During the two day May consultation, Toroama tabled a short timeline of the main steps towards achieving independence in 2025.
It included that, at the end of 2022, self-government would be achieved for Bougainville.
This would involve establishing a constituent assembly which by the end of 2024 would present “feedback on the draft Independent Bougainville Constitution”.
PNG’s prime minister James Marape did not reject Bougainville’s independence demand outright.
He expressed concern, however, that Bougainville independence could provide a precedent for other parts of PNG to secede leading to the dissolution of PNG.
Marape also expressed unease about Bougainville’s capacity to manage independence.
Meanwhile, Toroama has challenged all Bougainville public service departments to become ‘independence-ready’, a significant and multi-faceted ABG initiative illustrating the extent and depth of commitment to the goal of early independence.
The program was launched by a late 2020 resolution of the ABG House of Representatives inspired by a highly successful ‘referendum-ready’ program which made significant contributions to local-level referendum-awareness.
The independence-ready program has a similar constituency-based focus and involves issues of economic development and generating the sustainable government revenue needed to support independence.
The ABG accepts the conclusions of research undertaken for the PNG National Research Institute since 2018 by economist Satish Chand and others indicating that an independent Bougainville is likely to need a budget two to three times its current budget.

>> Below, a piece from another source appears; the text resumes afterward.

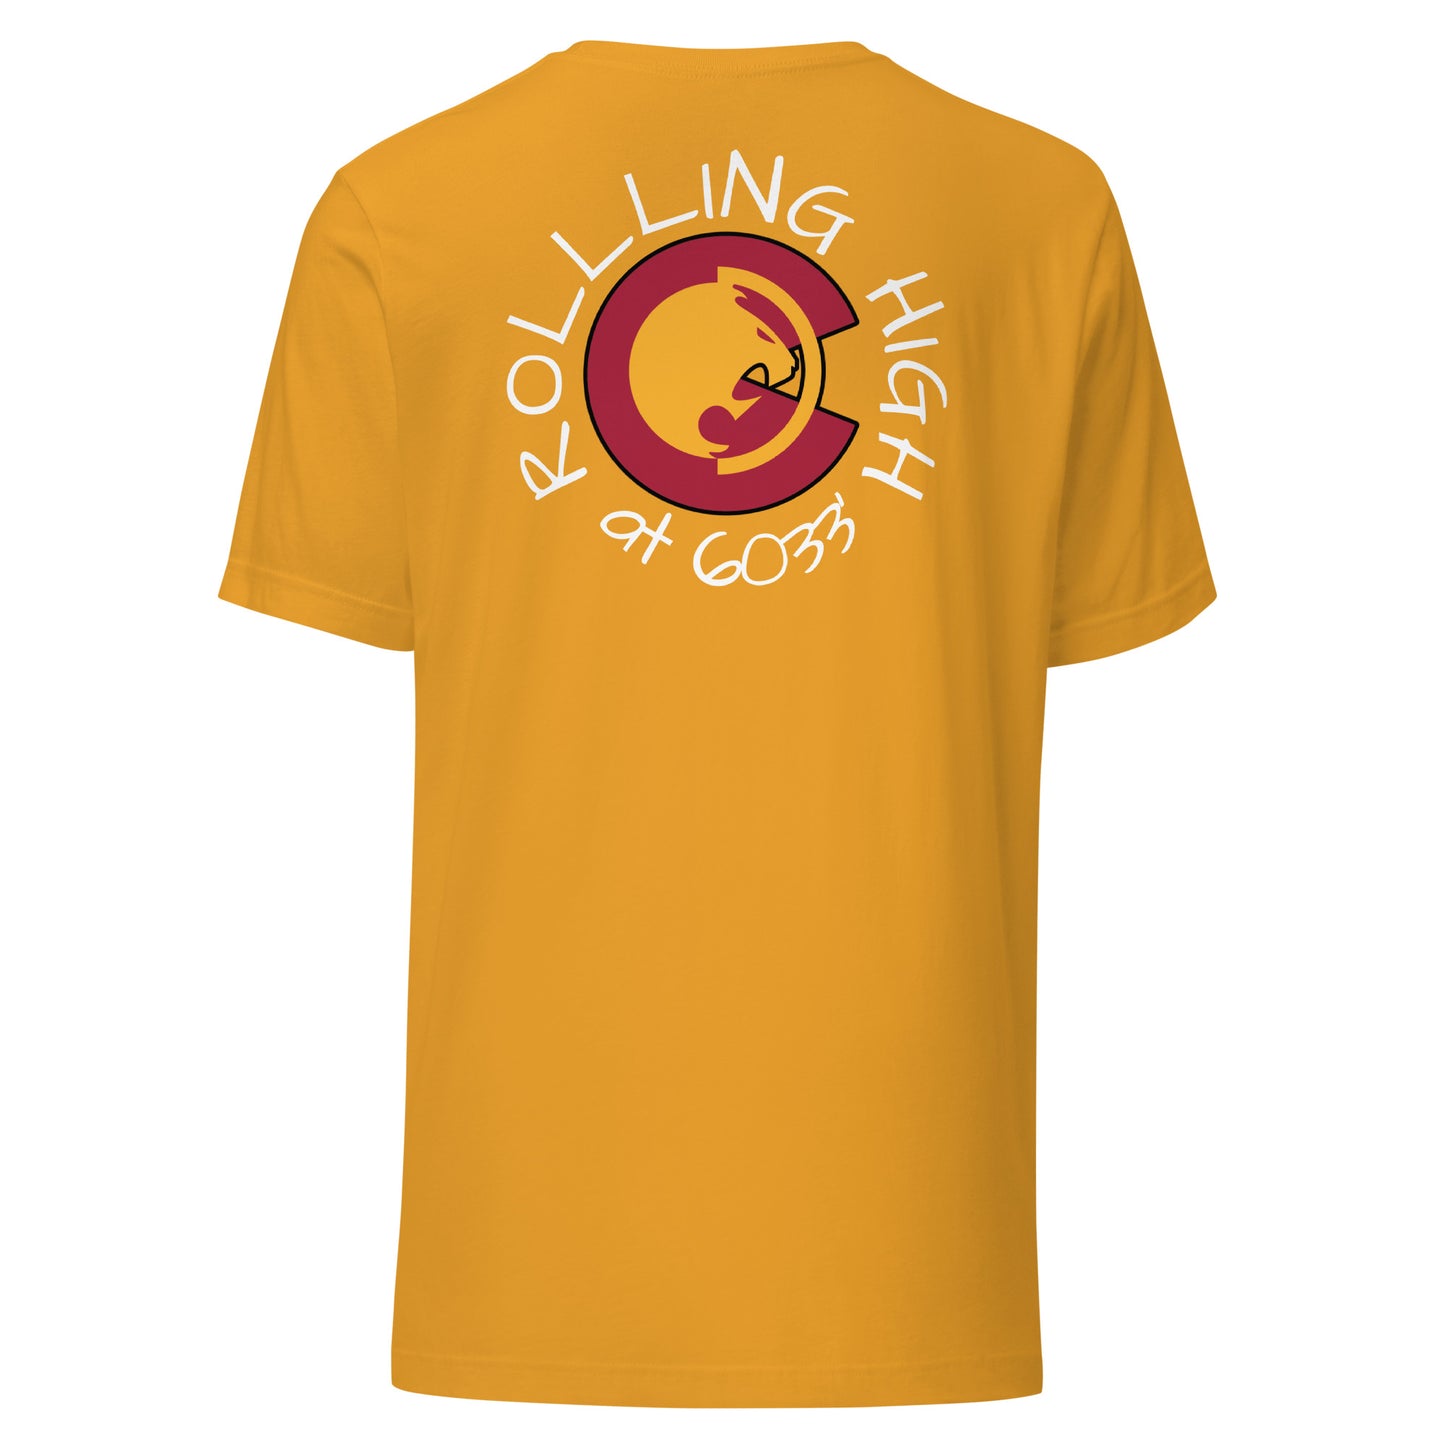 Rolling High Renzo Gracie Colorado t-shirt

The 2020 ABG budget was about K440 million (K151 million recurrent and K242 million capital expenditure).
Internal revenue sources in 2020 (some under PNG control but nevertheless derived locally, such as goods and service tax and tuna licence revenues) were estimated at K30 million, about 16% of the total budget.

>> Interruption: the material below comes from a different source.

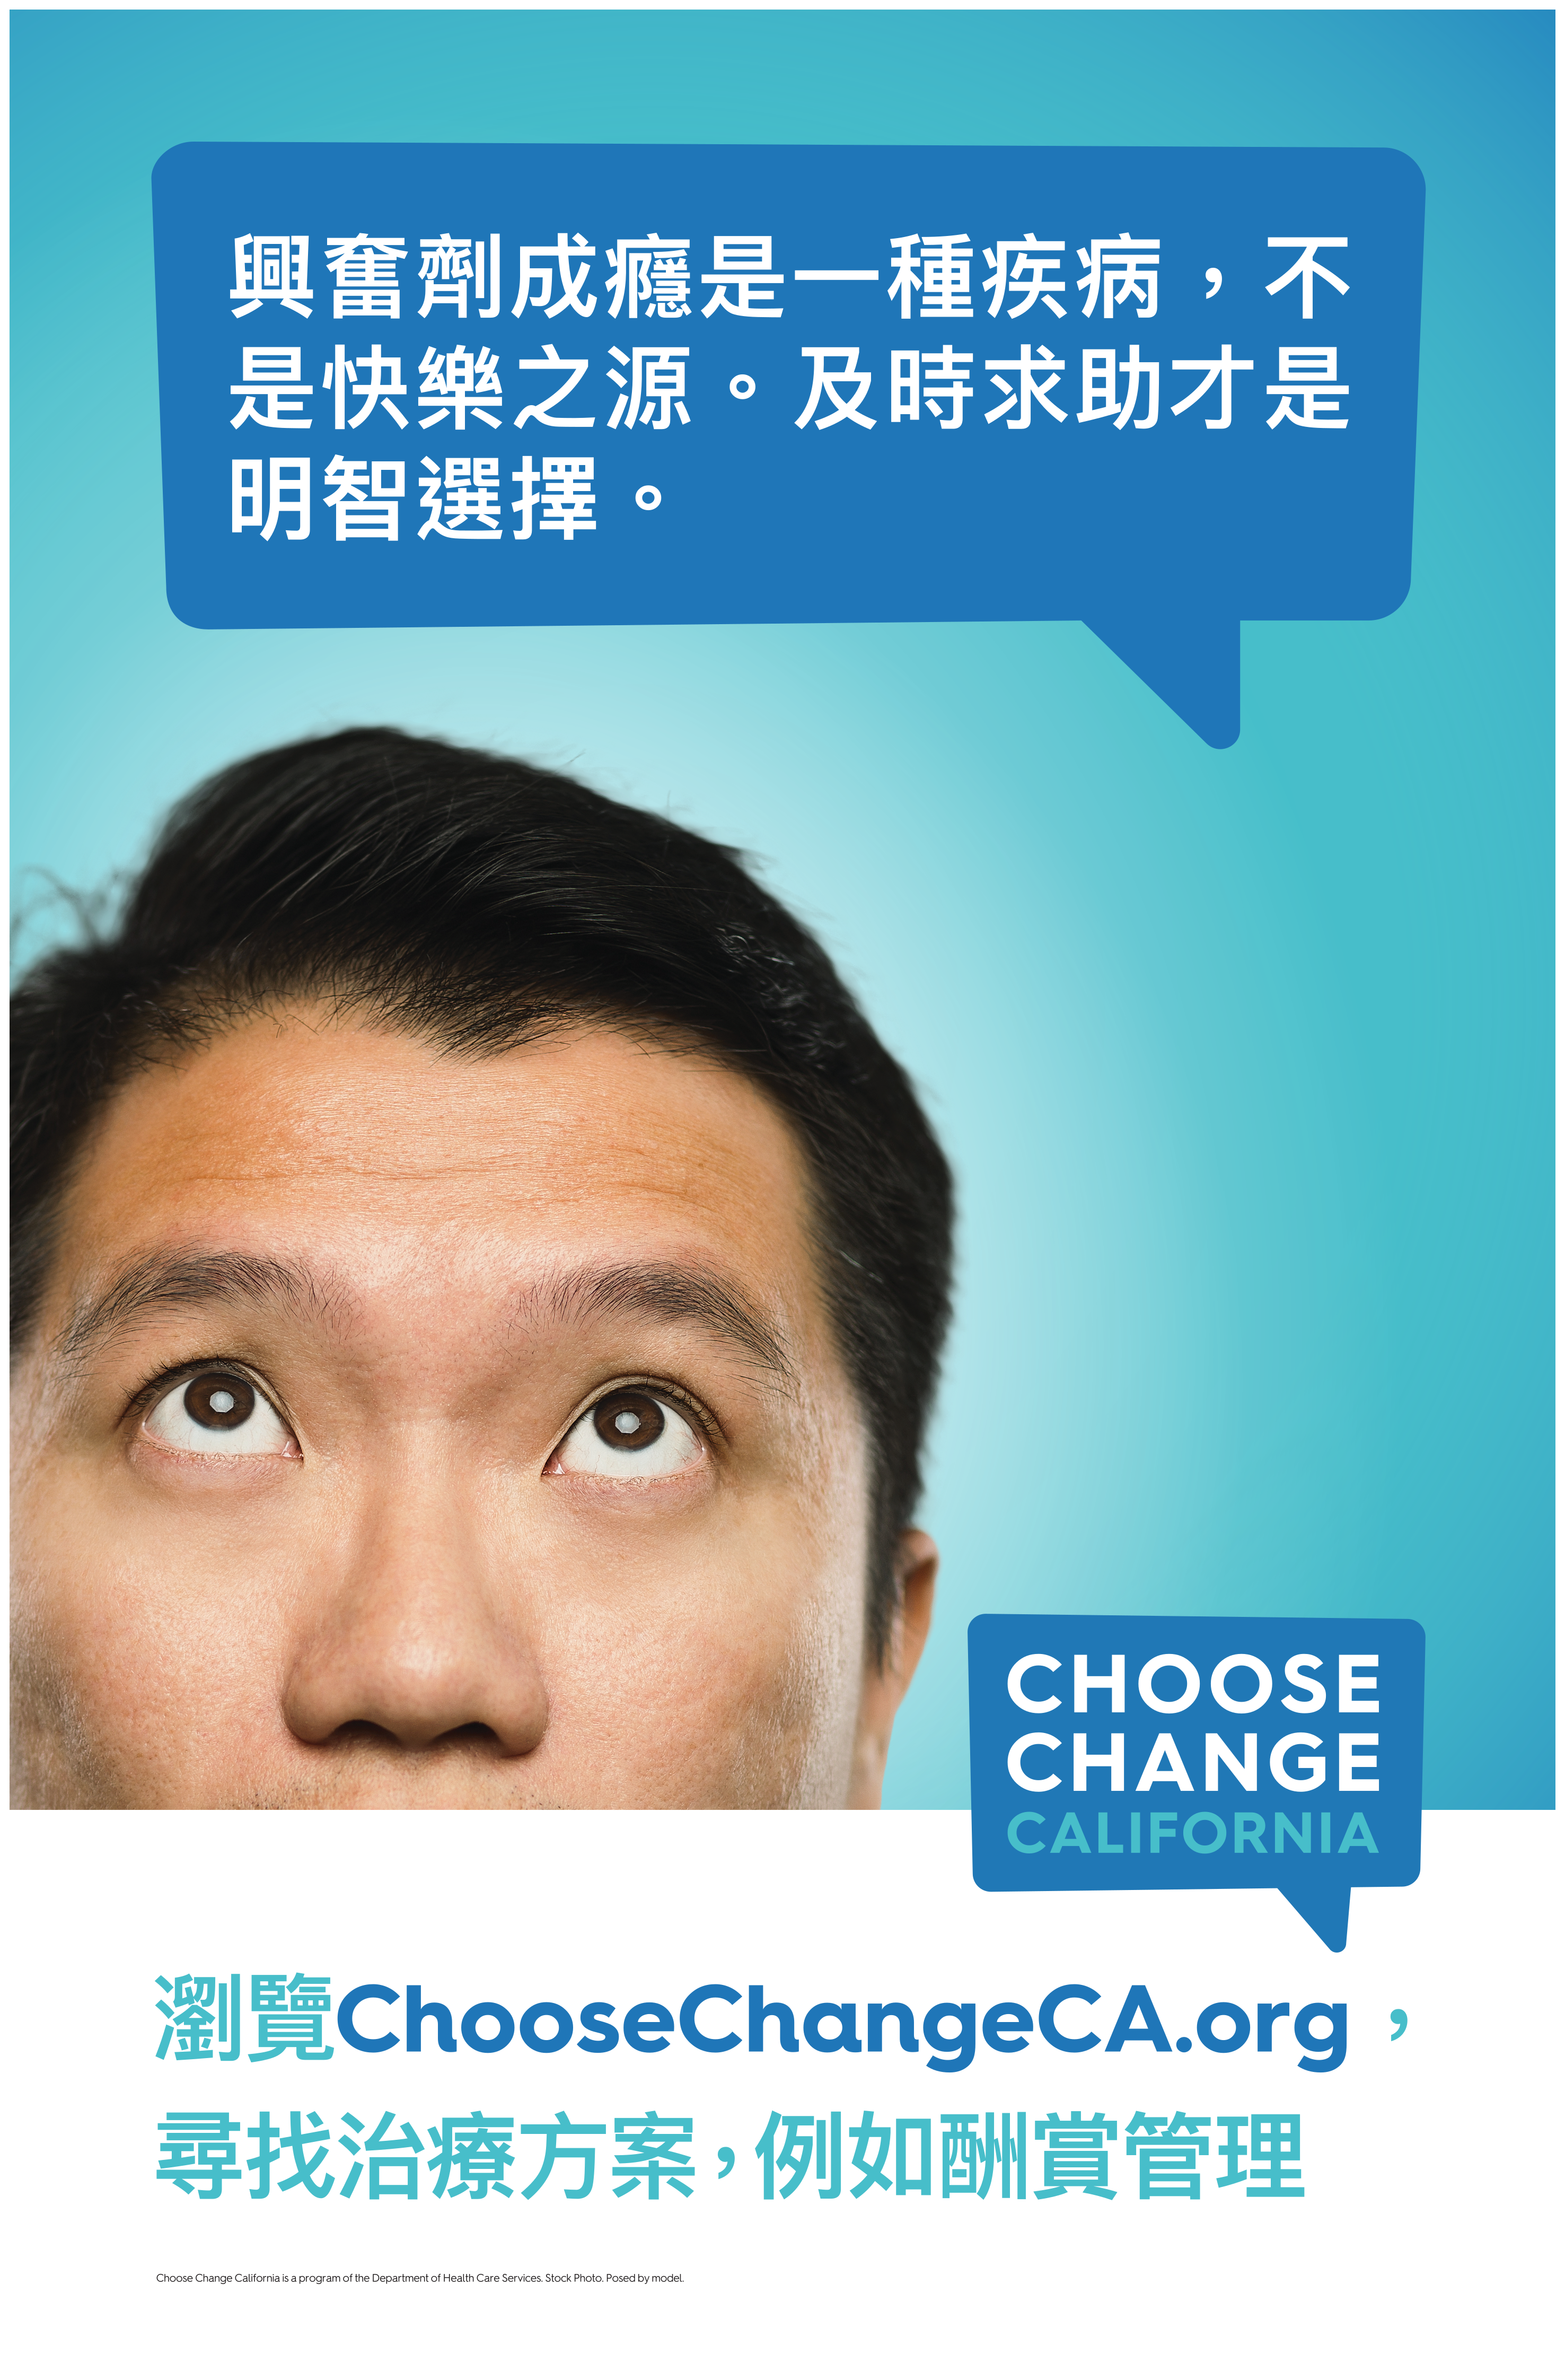 Pictured: Choose Change California ChooseChangeCA.org poster in Mandarin

The independence-ready program responds to the internal revenue deficit through awareness efforts encouraging all Bougainvilleans, including resource owners, to engage in income-earning activities (wage employment, cash crop production, or establishing businesses) with a view to contributing to economic growth, and also encouraging people to be tax payers, contributing to the proposed independent government’s revenue base.
Bougainville is also exploring what it should receive from PNG’s current share of revenue from a regionally administered Pacific tuna fishing licence scheme for fishing in Bougainville-associated waters, which Chand estimates could range from K30 million to K130 million a year.
Toroama also talks of proposed new ABG supported business ventures, part funded by the ABG (US$19 million) and investors (US$100 million), creating 2,000 new jobs.
Recognising the difficulties likely to be involved in gaining international community recognition as a new state and gain UN membership, the ABG cabinet recently established a Ministerial Committee on International Relations that will be ‘cultivating international support’ for independence.
It is clearly going to be difficult for PNG to persuade the Bougainville leaders to accept anything short of full independence.
Neighbouring countries need to be aware of the direction that the consultations are taking and the difficulties likely to arise in reaching compromises in the initial consultation process, and perhaps beyond.